● **Task details**: Pictures in the listing below are skipped, while the lines from the "Nicor catalogs" line through the "Persol Persol Polarized sunglasses - image 5" line are returned word for word.

● **Source material**:
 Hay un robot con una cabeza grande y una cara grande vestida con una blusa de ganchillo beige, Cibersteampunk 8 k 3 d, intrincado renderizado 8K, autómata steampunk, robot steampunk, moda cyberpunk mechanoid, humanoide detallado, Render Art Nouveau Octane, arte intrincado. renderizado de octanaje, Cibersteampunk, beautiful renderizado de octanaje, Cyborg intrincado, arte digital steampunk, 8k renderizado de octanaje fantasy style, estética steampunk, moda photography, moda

--

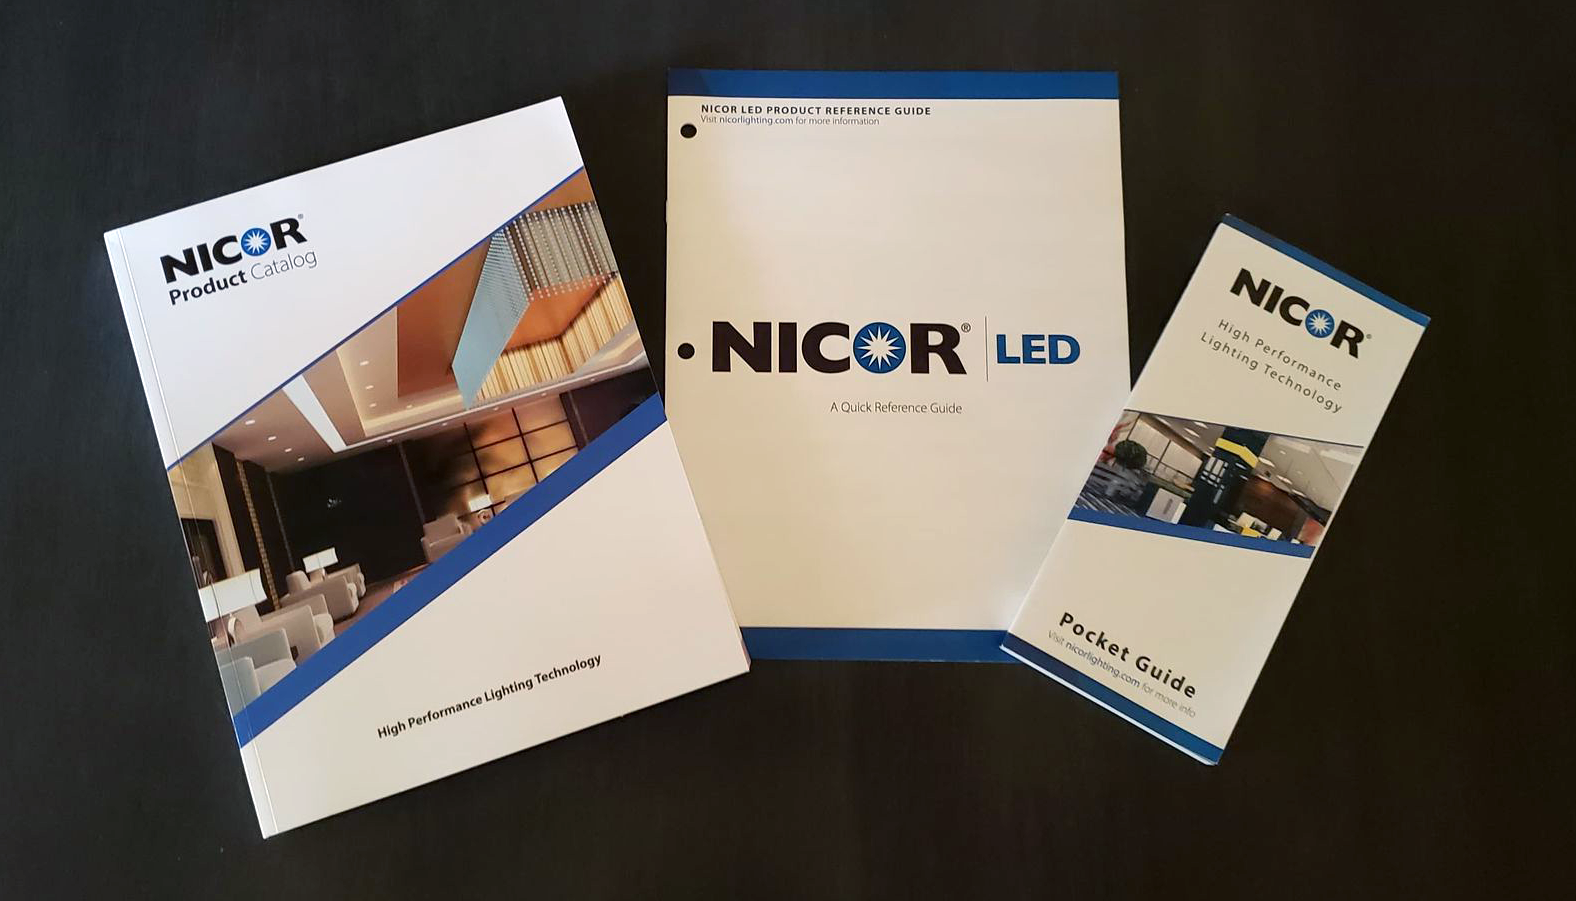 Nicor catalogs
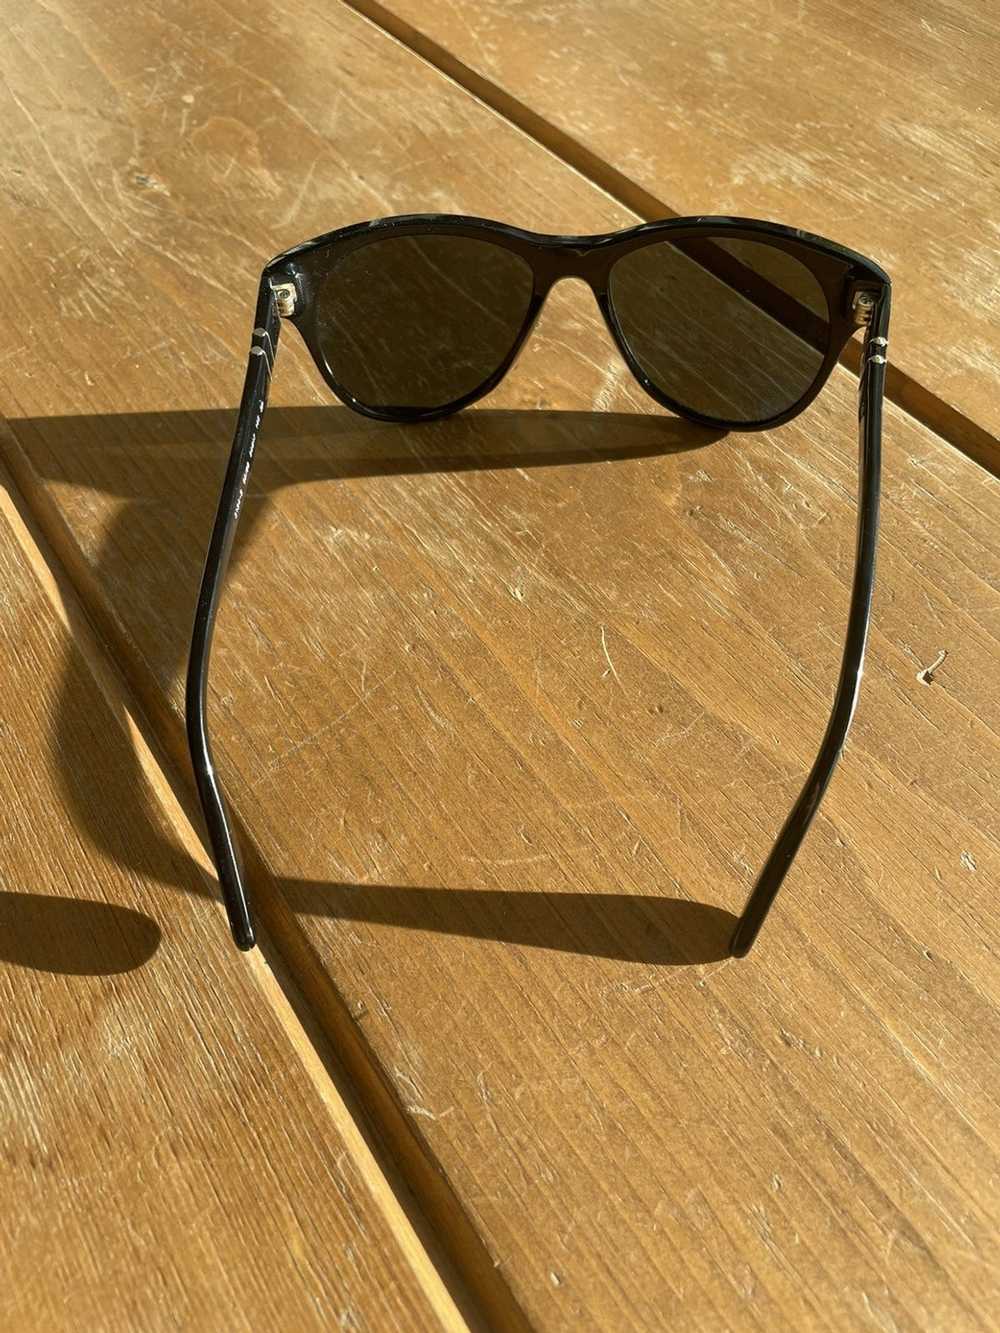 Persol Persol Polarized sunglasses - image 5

* * *

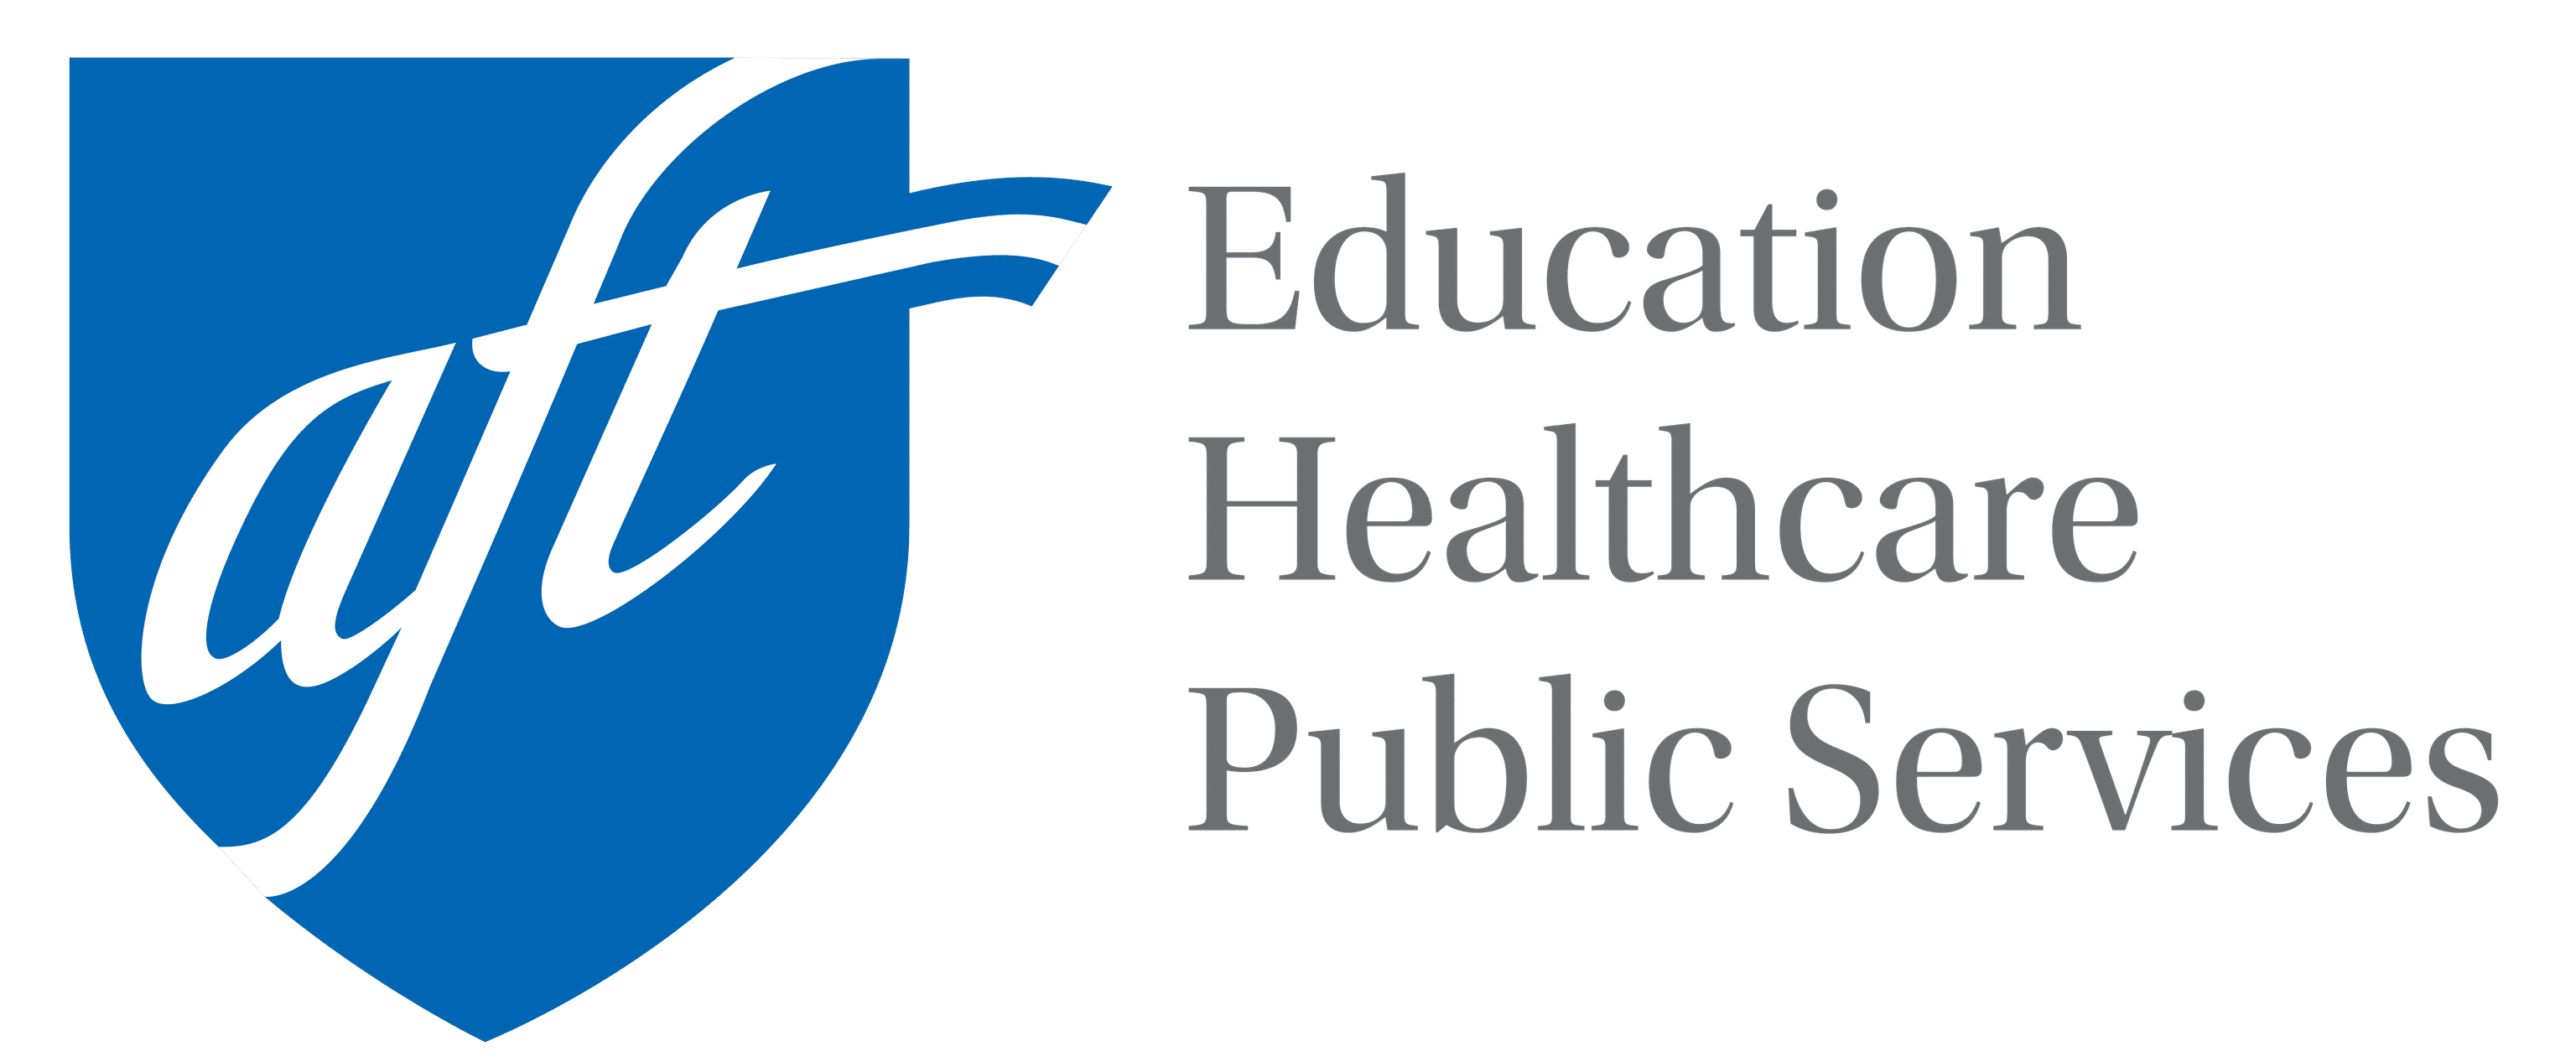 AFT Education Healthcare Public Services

● **Task solution**:
 Nicor catalogs
 Persol Persol Polarized sunglasses - image 5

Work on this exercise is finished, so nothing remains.